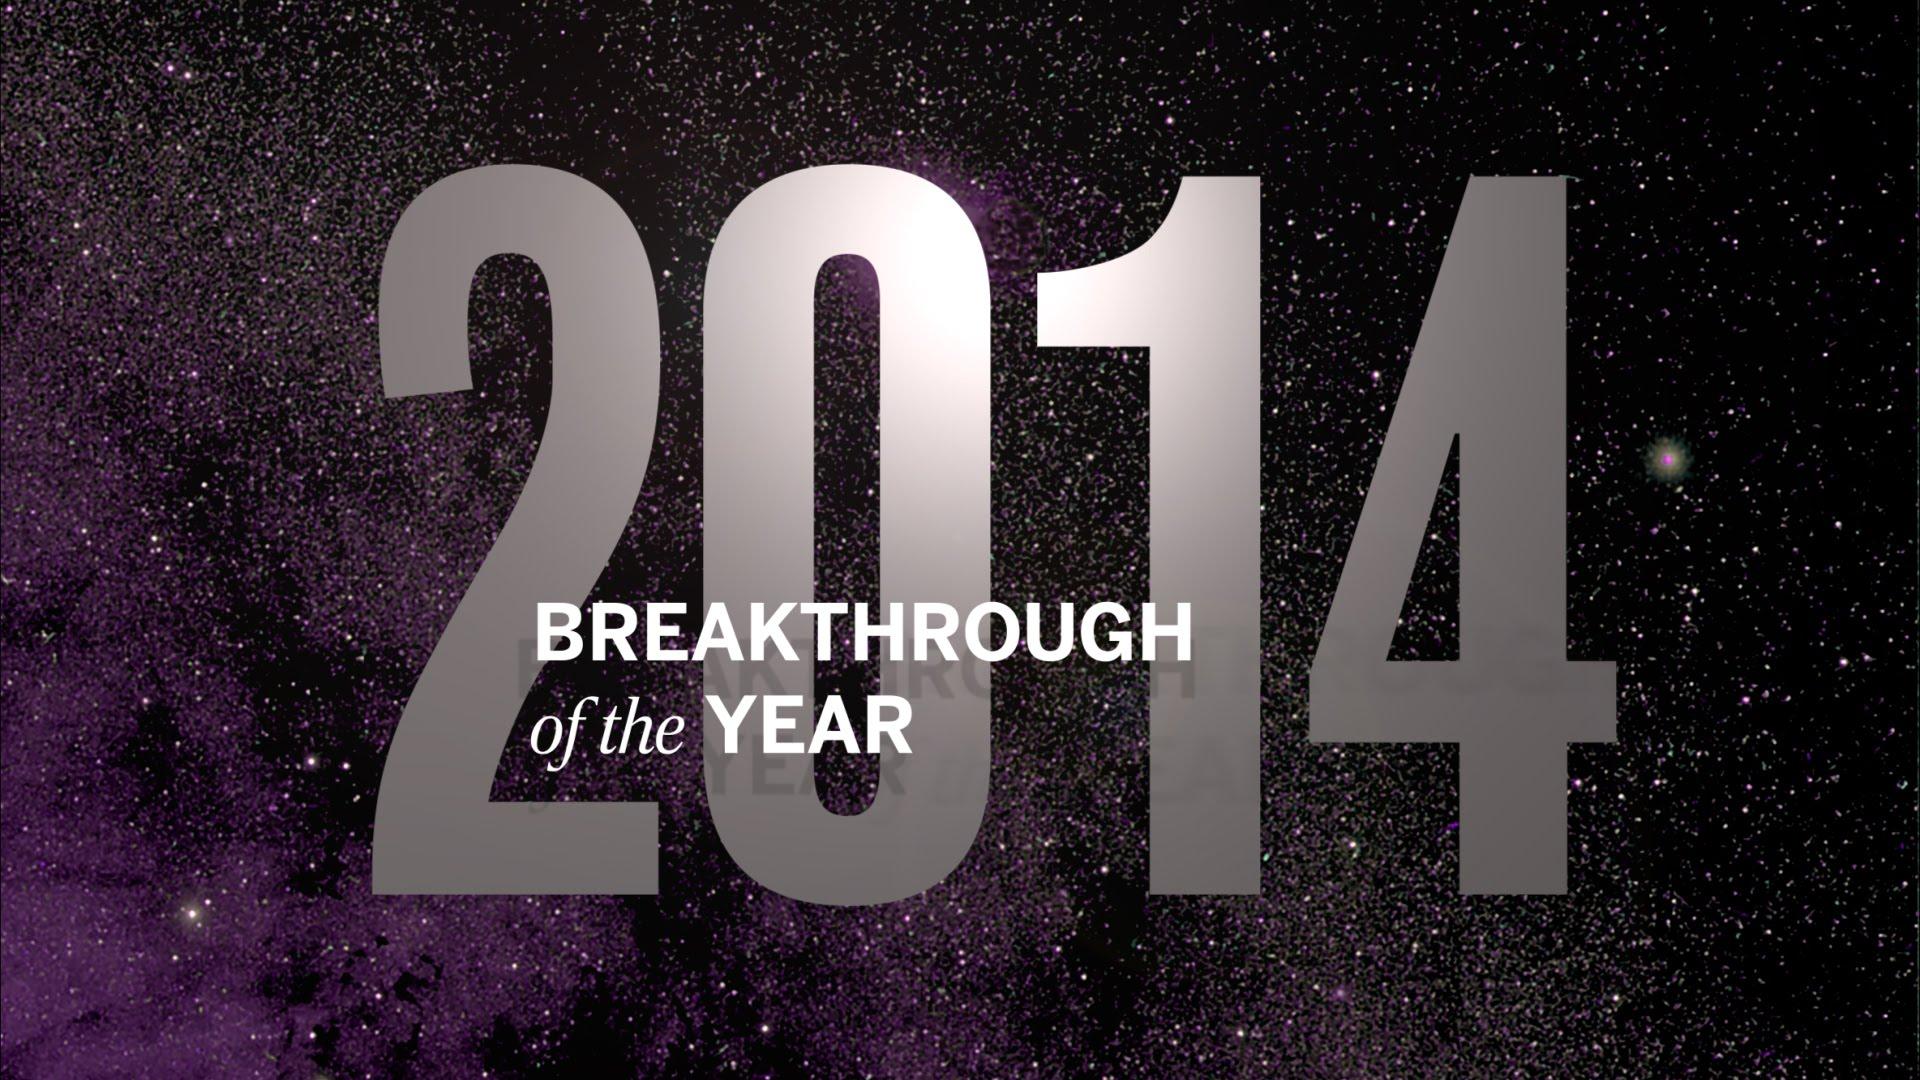 Top Science Breakthroughs of 2014
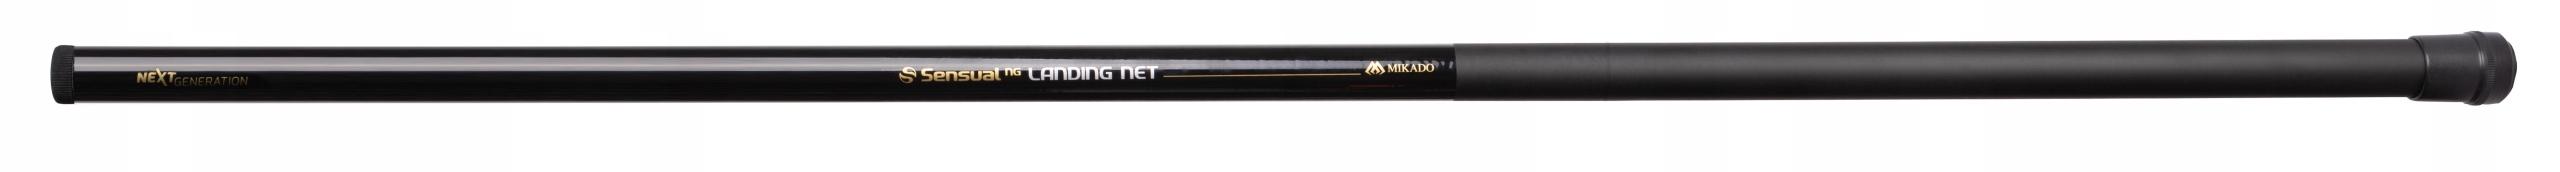 MIKADO Sztyca do podbieraka Sensual N.G. 300 / 3m
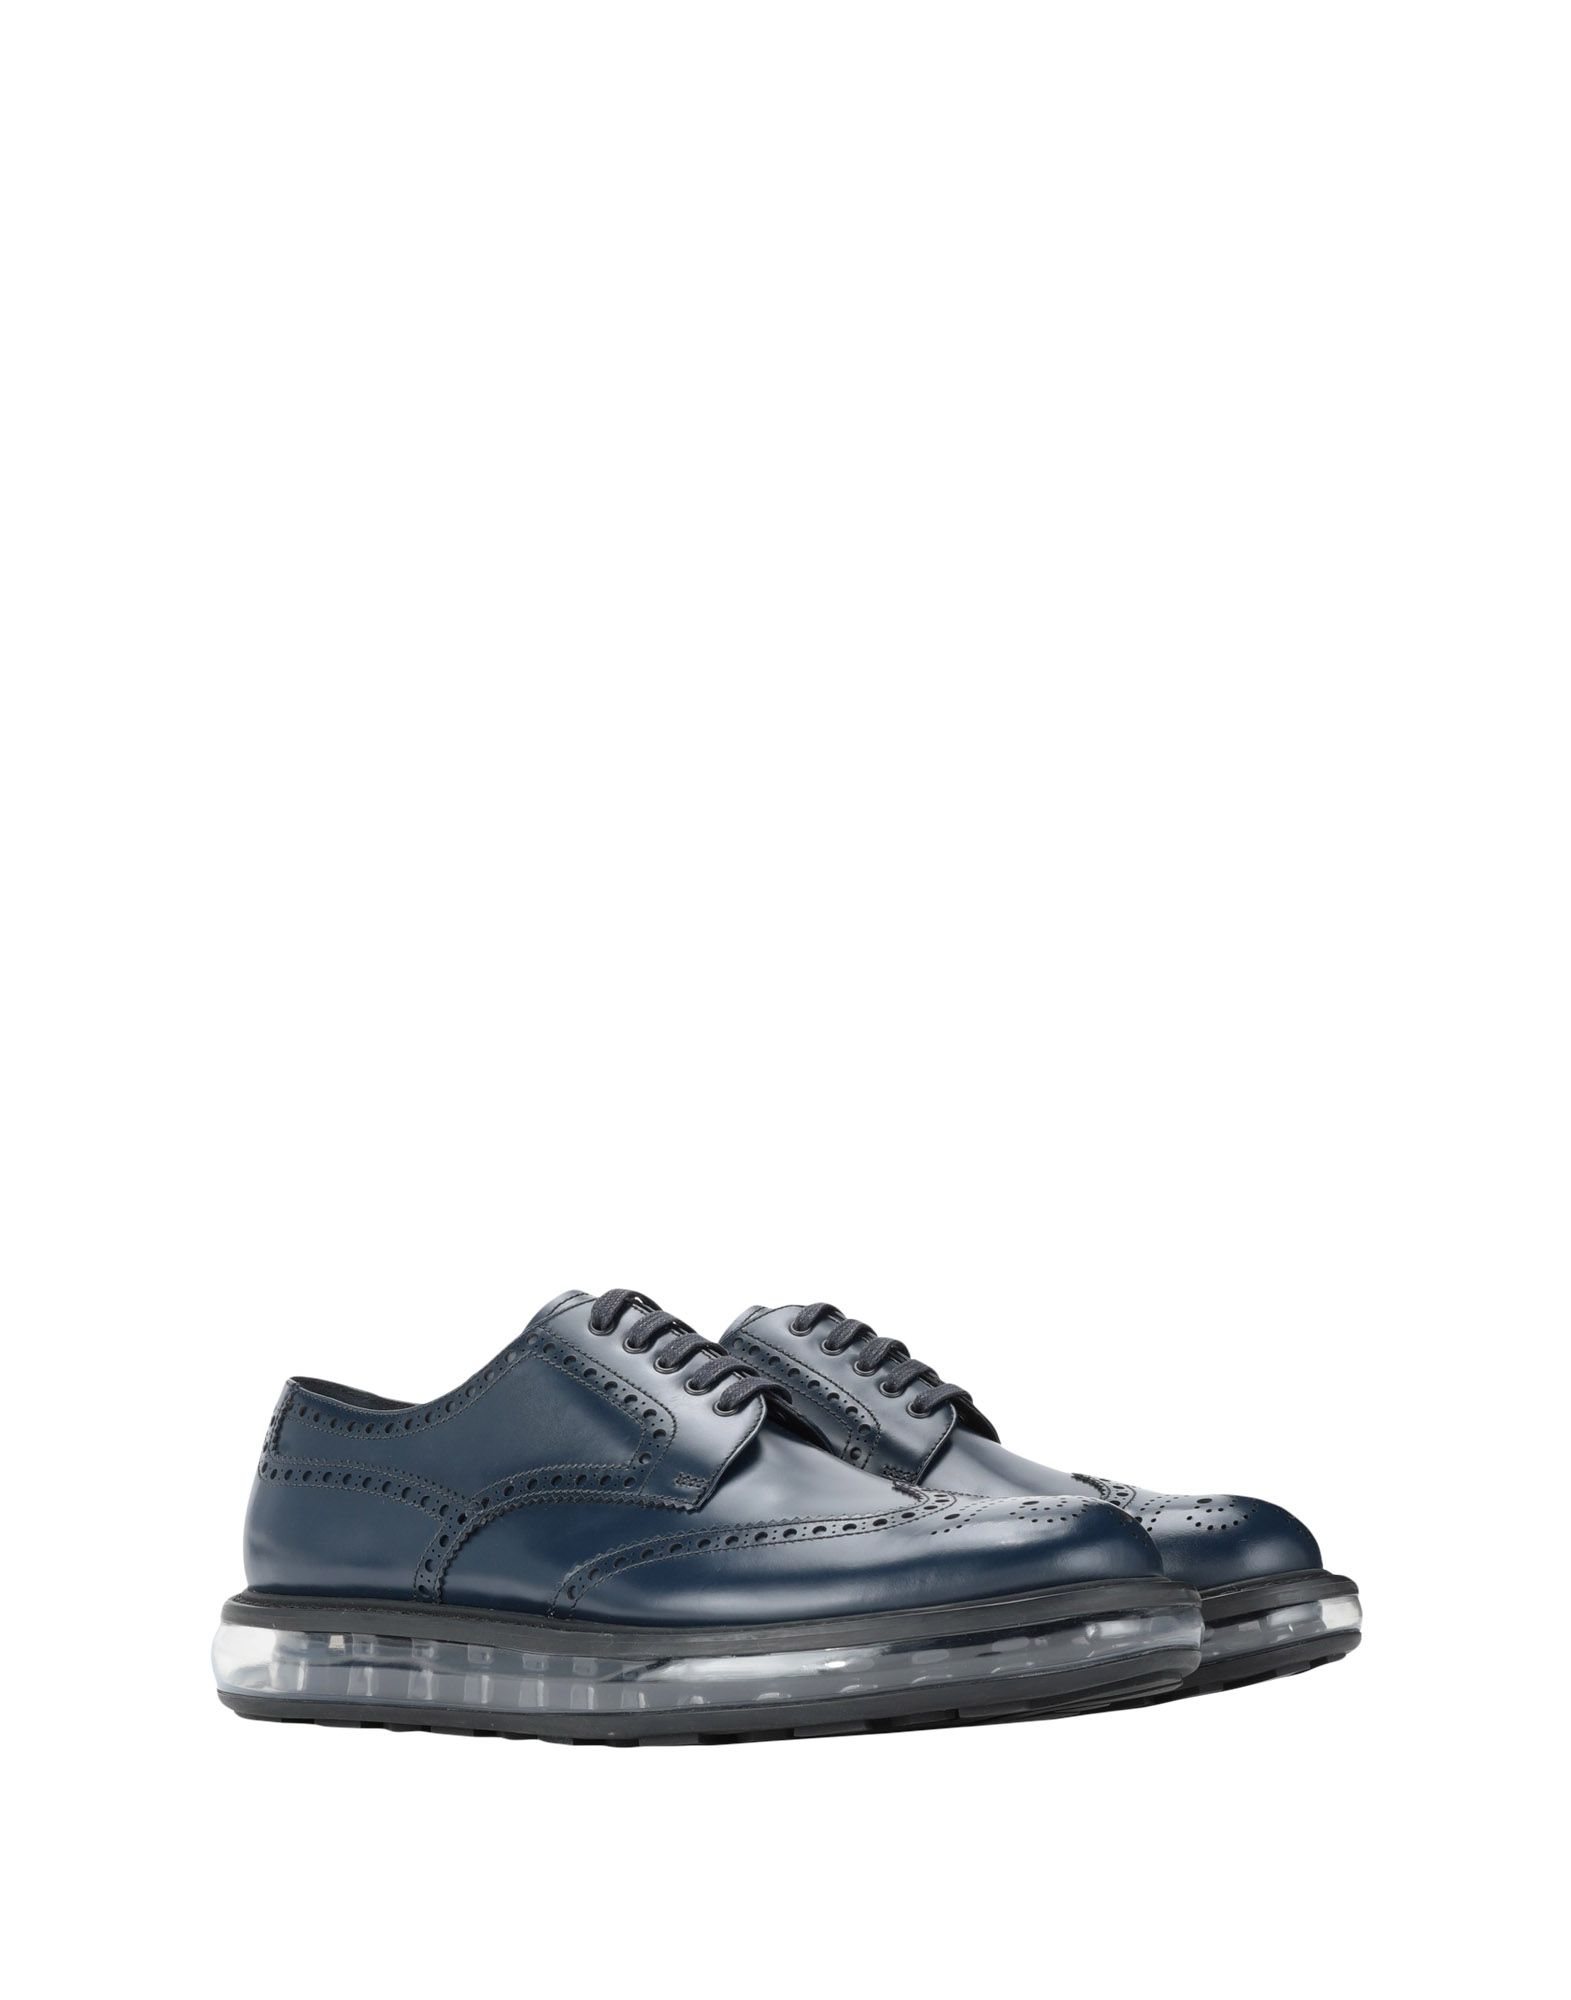 Prada Schnürschuhe Herren  beliebte 11465060VT Gute Qualität beliebte  Schuhe 34293f

========================

**Your objective:** Down to the last line, reproduce the material above exactly; skip its images.

**Answer to this task:**
 Top Science Breakthroughs of 2014
 MIKADO Sztyca do podbieraka Sensual N.G. 300 / 3m
 Prada Schnürschuhe Herren  beliebte 11465060VT Gute Qualität beliebte  Schuhe 34293f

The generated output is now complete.